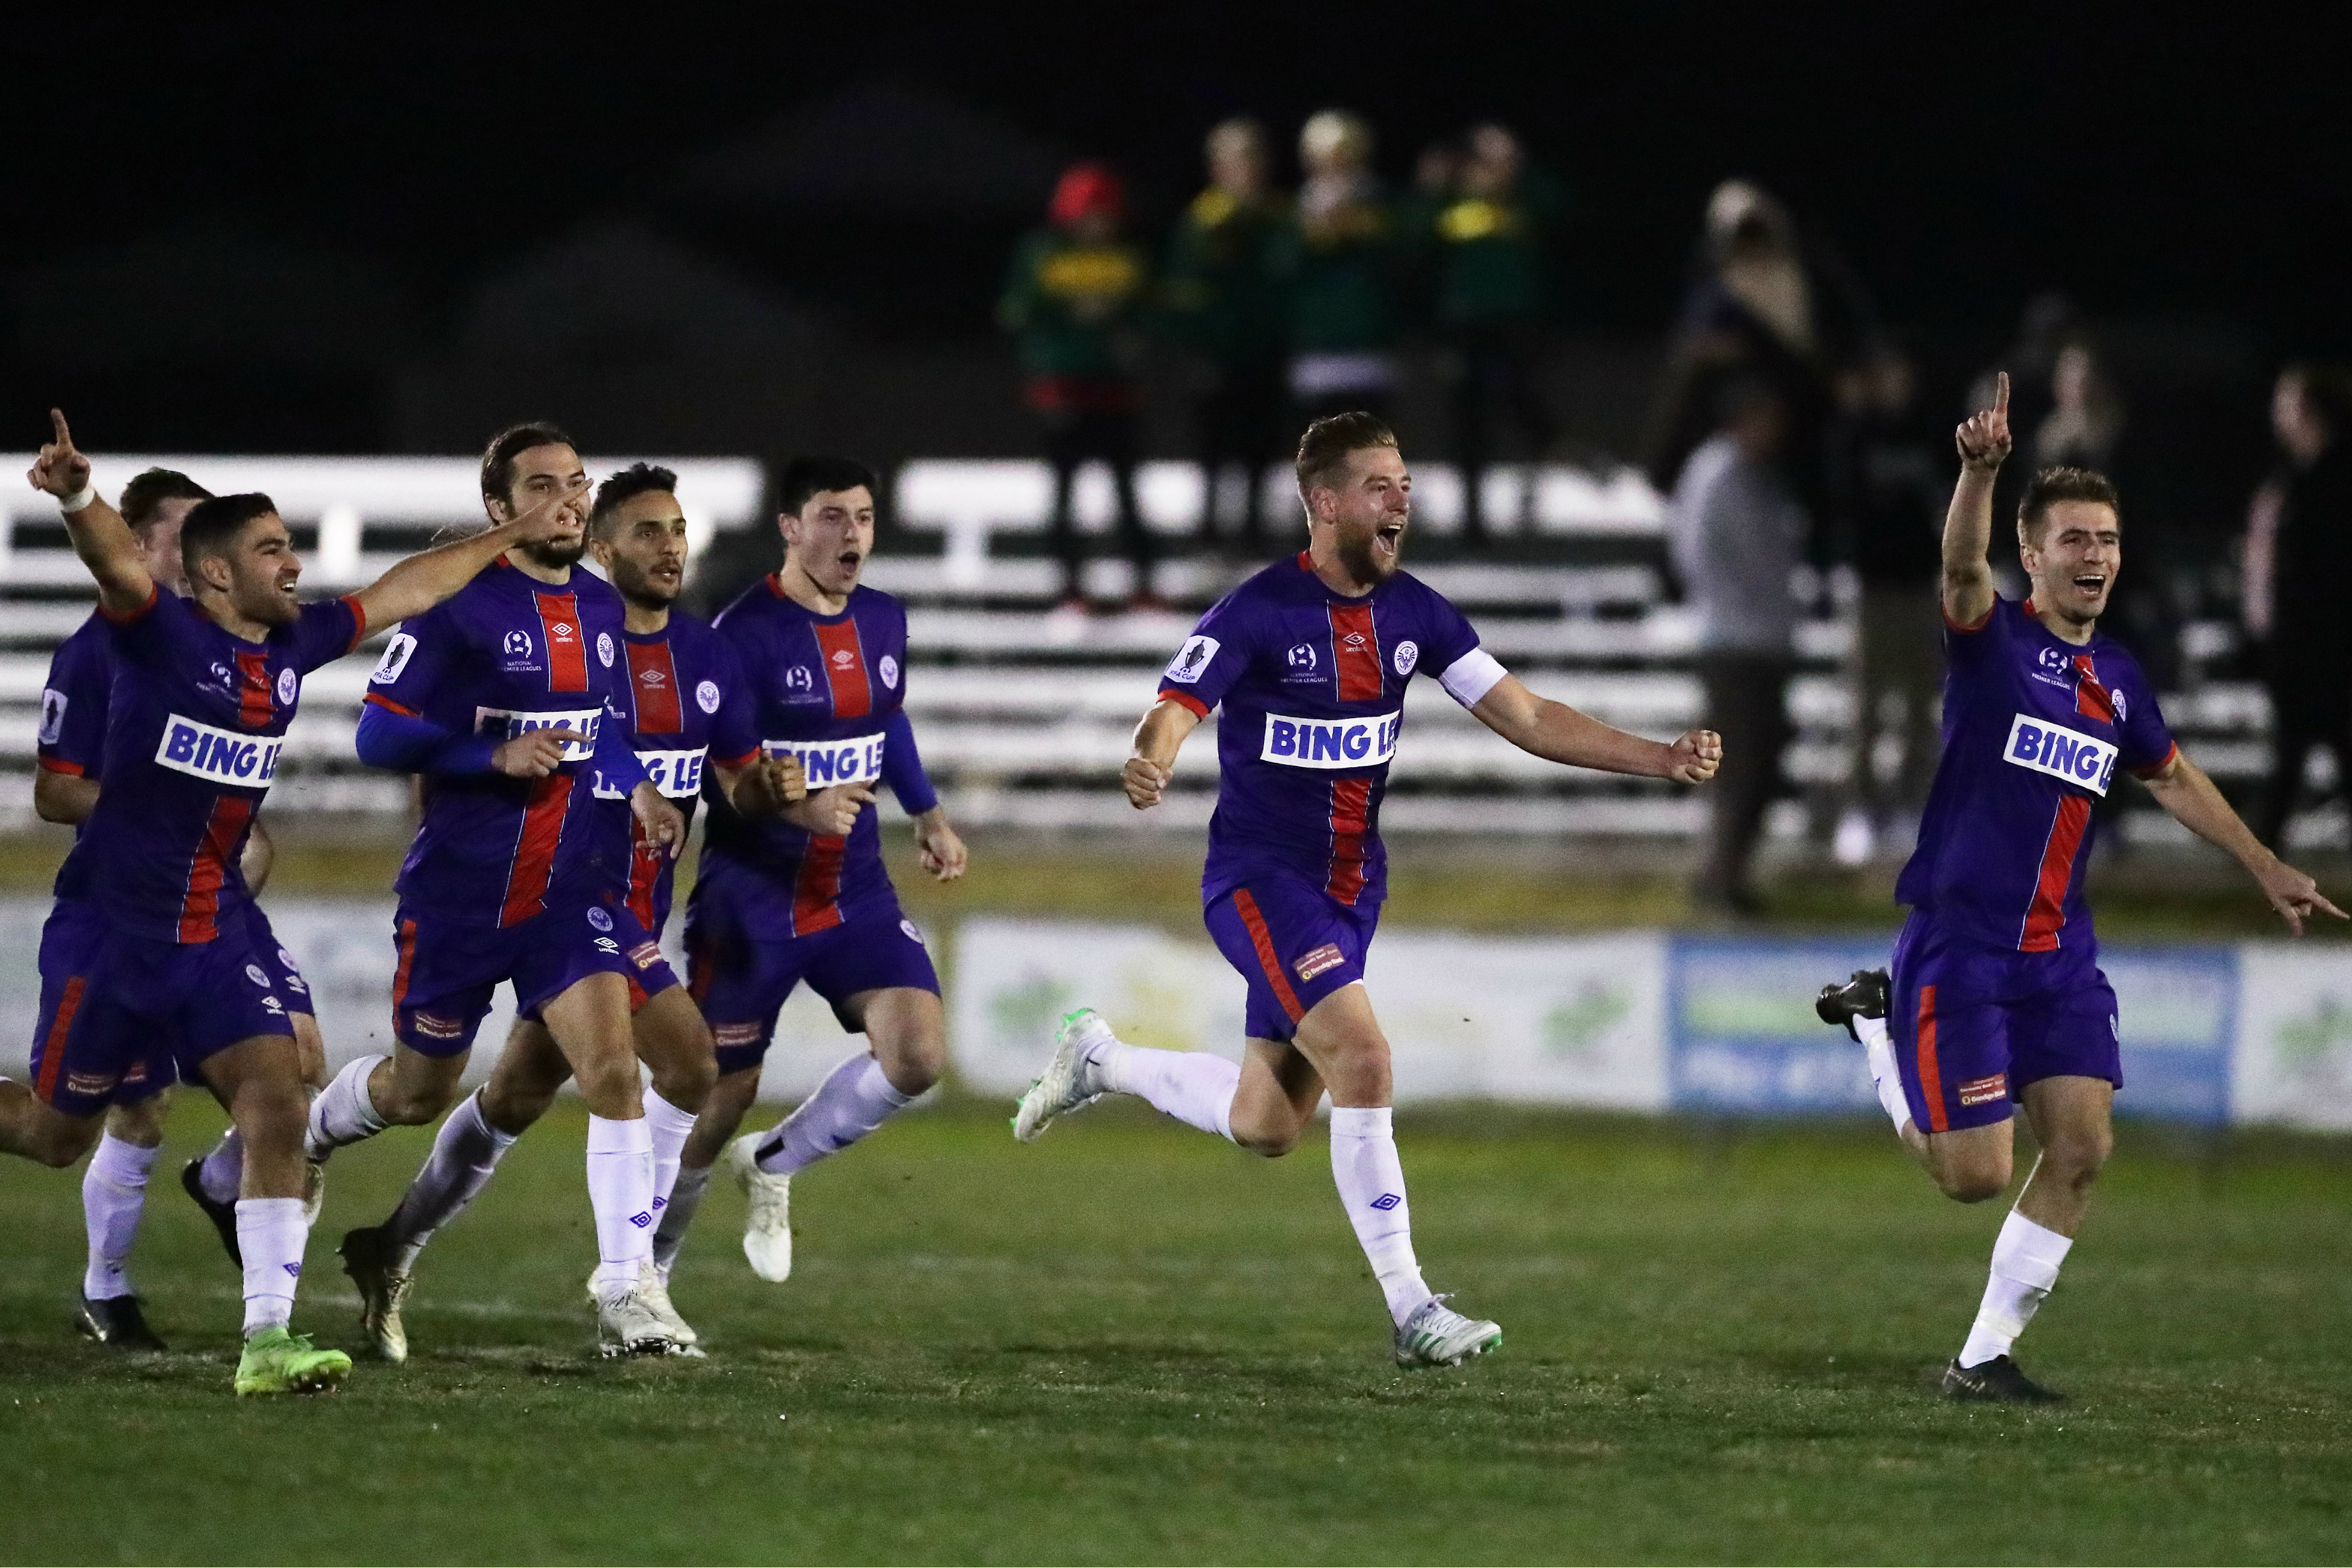 Manly United players race to celebrate after their epic penalty shootout victory
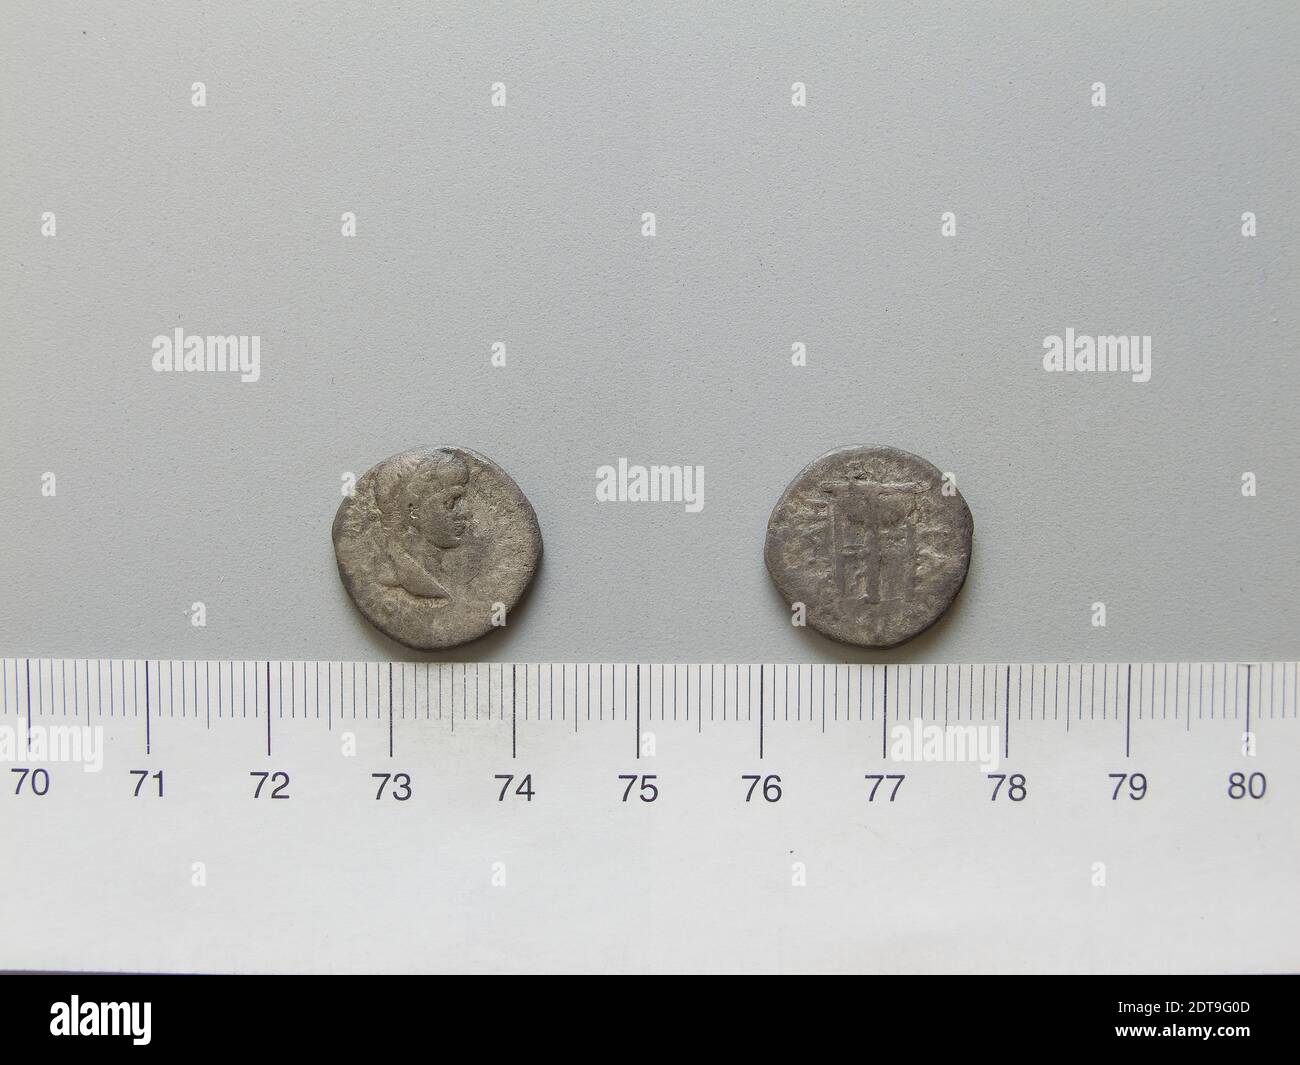 Ruler: Nero, Emperor of Rome, Roman, A.D. 37–68, ruled A.D. 54–68, Mint: Antioch, 1 Drachm of Nero, Emperor of Rome from Antioch, A.D. 56–57, Silver, 3.34 g, 12:00, 16.5 mm, Made in Antioch, Syria, Greek, 1st century A.D., Numismatics Stock Photo
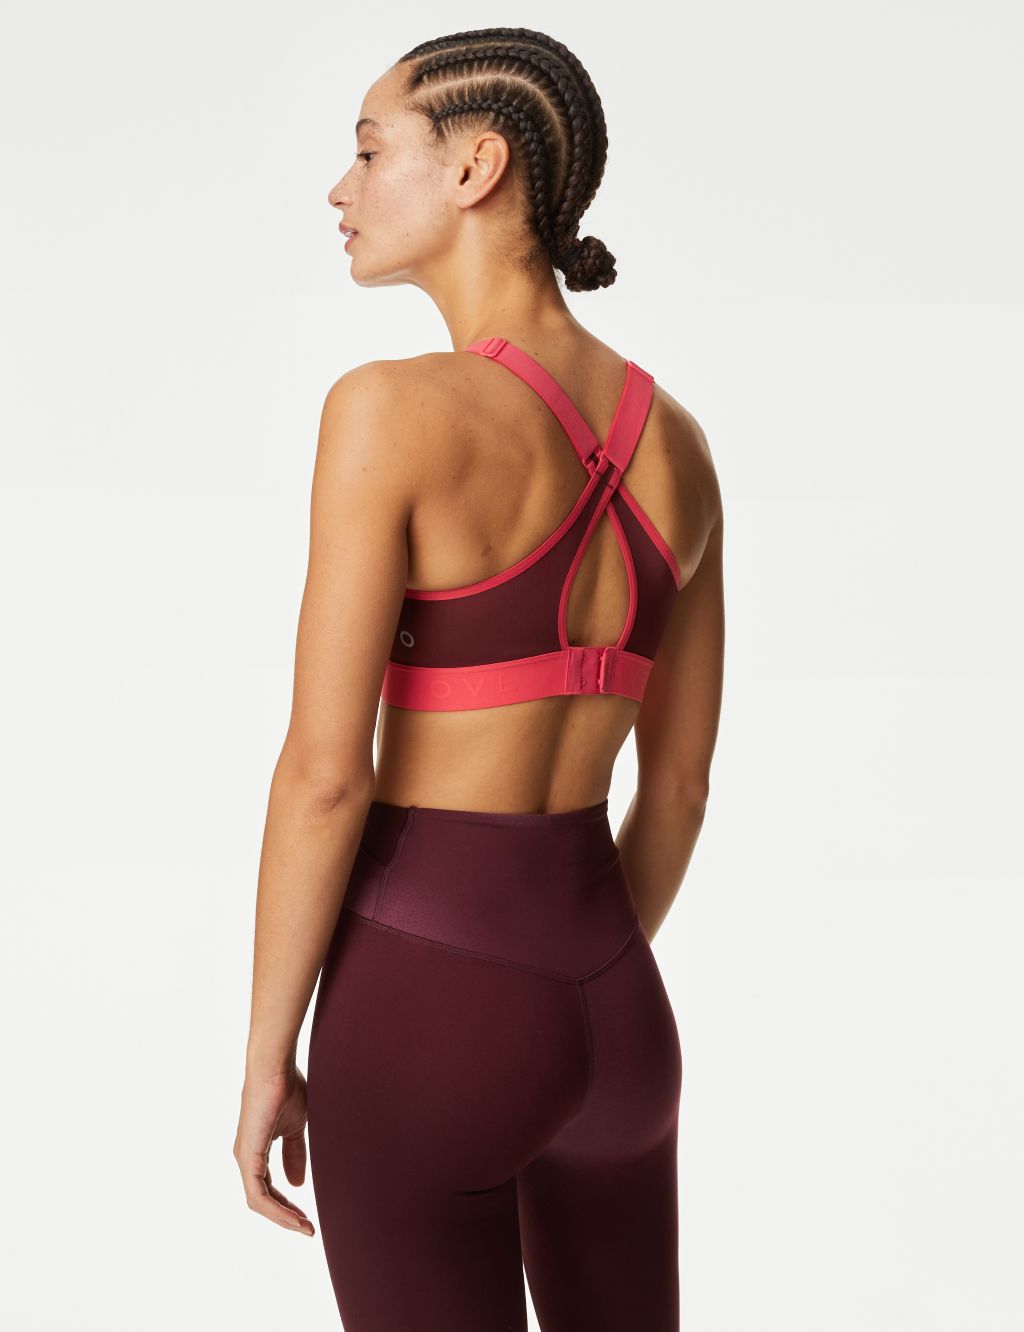 Freedom To Move Ultimate Support Sports Bra A-E image 5
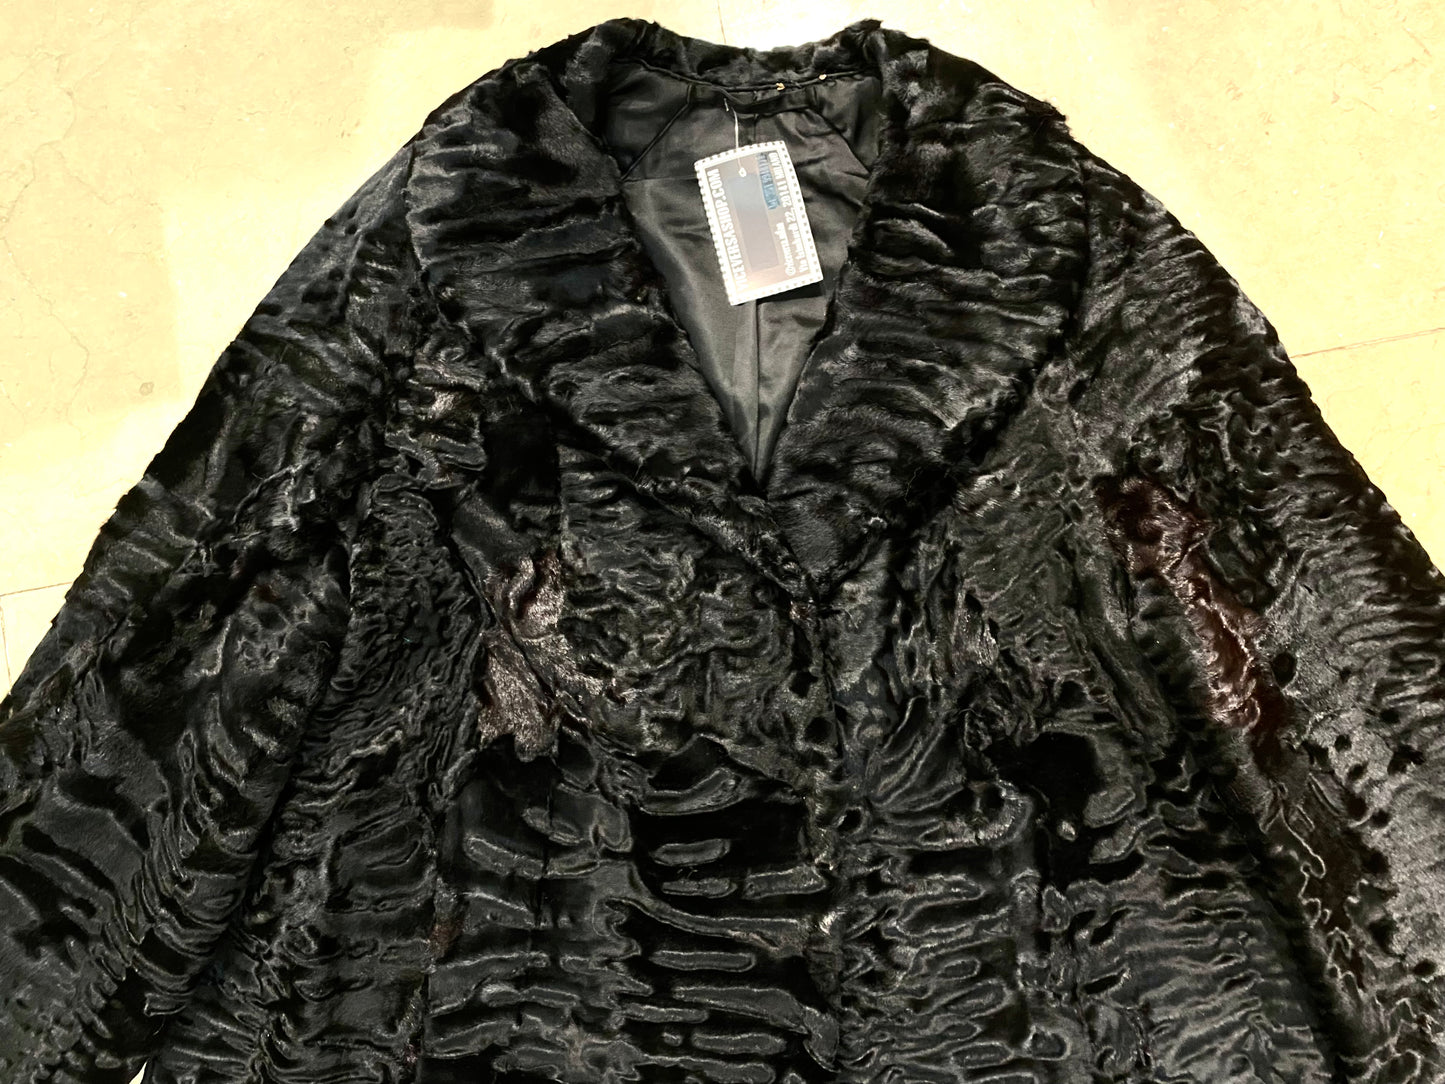 Luxurious Swakara black real fur coat, 80s Italy mint condition
▬▬▬▬▬▬▬▬▬▬
*TASK STATEMENT*.
Copy the material exactly as written and leave every picture behind.

*WRITTEN RESPONSE*.
 Manly United players race to celebrate after their epic penalty shootout victory
 Ruler: Nero, Emperor of Rome, Roman, A.D. 37–68, ruled A.D. 54–68, Mint: Antioch, 1 Drachm of Nero, Emperor of Rome from Antioch, A.D. 56–57, Silver, 3.34 g, 12:00, 16.5 mm, Made in Antioch, Syria, Greek, 1st century A.D., Numismatics Stock Photo
 Freedom To Move Ultimate Support Sports Bra A-E image 5
 Luxurious Swakara black real fur coat, 80s Italy mint condition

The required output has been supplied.